How people assess their social environments plays a central role in how they evaluate their life circumstances. Using a large probabilistic national sample, we investigated how accurately people estimate characteristics of the general population. For most characteristics, people seemed to underestimate the quality of others’ lives and showed apparent self-enhancement, but for some characteristics, they seemed to overestimate the quality of others’ lives and showed apparent self-depreciation.

I imagine there must be some literature on the technique of asking survey questions about family/friends/neighbors and how to adjust the resulting data to get estimates for the general population. But I’m not sure where to look, and I couldn’t find any references on the topic. Googling “neighbors” in the survey research literature gets me lots of references on neighborhood effects in sociology; googling “neighbors” and “sampling” takes me to nearest-neighbor methods in statistics and machine learning; googling “network sampling” takes me to the computer science literature . . . nothing on how to survey people and ask about their neighbors.

P.P.S. In comments, Isaac Maddow-Zimet points to this article from 2019, Evaluating sampling biases from third-party reporting as a method for improving survey measures of sensitive behaviors, by Stéphane Helleringer, Jimi Adams, Sara Yeatman, and James Mkandawire, which states:

Survey participants often misreport their sensitive behaviors (e.g., smoking, drinking, having sex) during interviews. Several studies have suggested that asking respondents to report the sensitive behaviors of their friends or confidants, rather than their own, might help address this problem. This is so because the “third-party reporting” (TPR) approach creates a surrogate sample of alters that may be less subject to social desirability biases. However, estimates of the prevalence of sensitive behaviors based on TPR assume that the surrogate sample of friends is representative of the population of interest. . . . we suggest approaches to strengthen estimates of the prevalence of sensitive behaviors obtained from TPR.
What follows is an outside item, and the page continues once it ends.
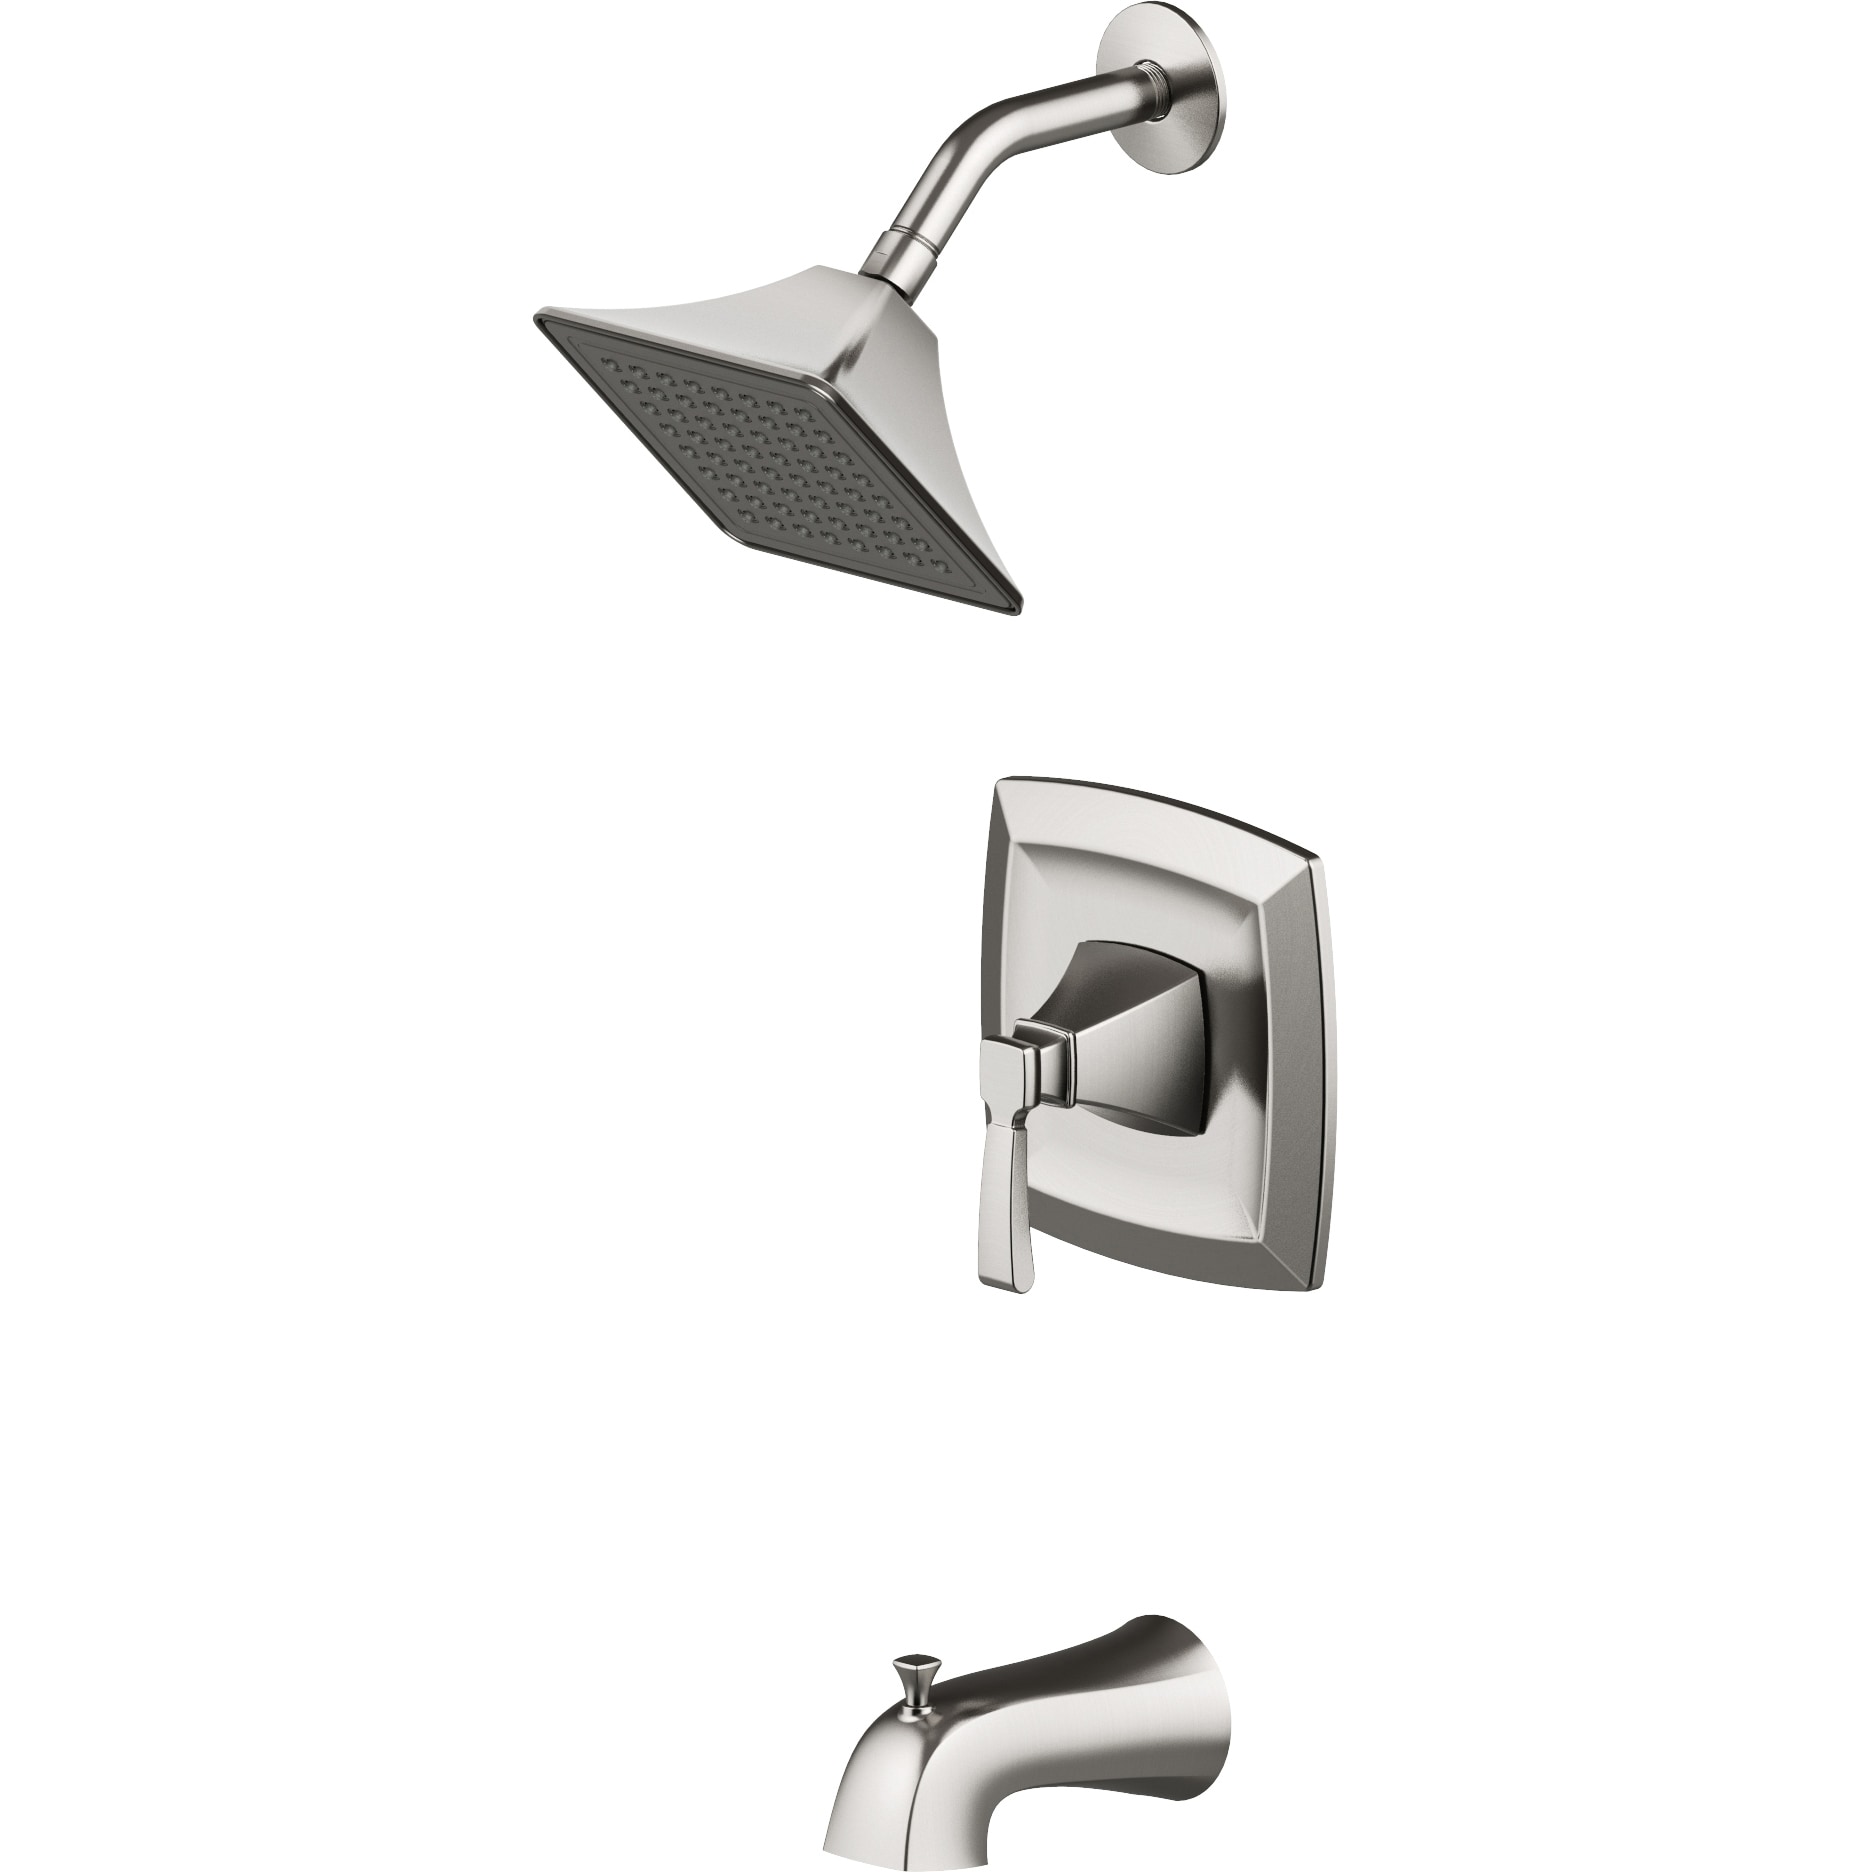 allen + roth Chesler Brushed Nickel 1-handle Single Function Square Bathtub and Shower Faucet Valve Included

Interesting. With election polling, the issues are slightly different. We have no reason to expect systematic misreporting of vote preferences; rather, our concern is differential nonresponse: in 2024, this would be Republican voters being less likely than Democratic voters to respond to the survey in the first place.

So the motivation for asking about friends and neighbors in an election poll with concerns about nonresponse is different from the motivation for asking about friends and neighbors in a social survey with concerns about insincere responses. Still, there should be some common lessons from these two different problems.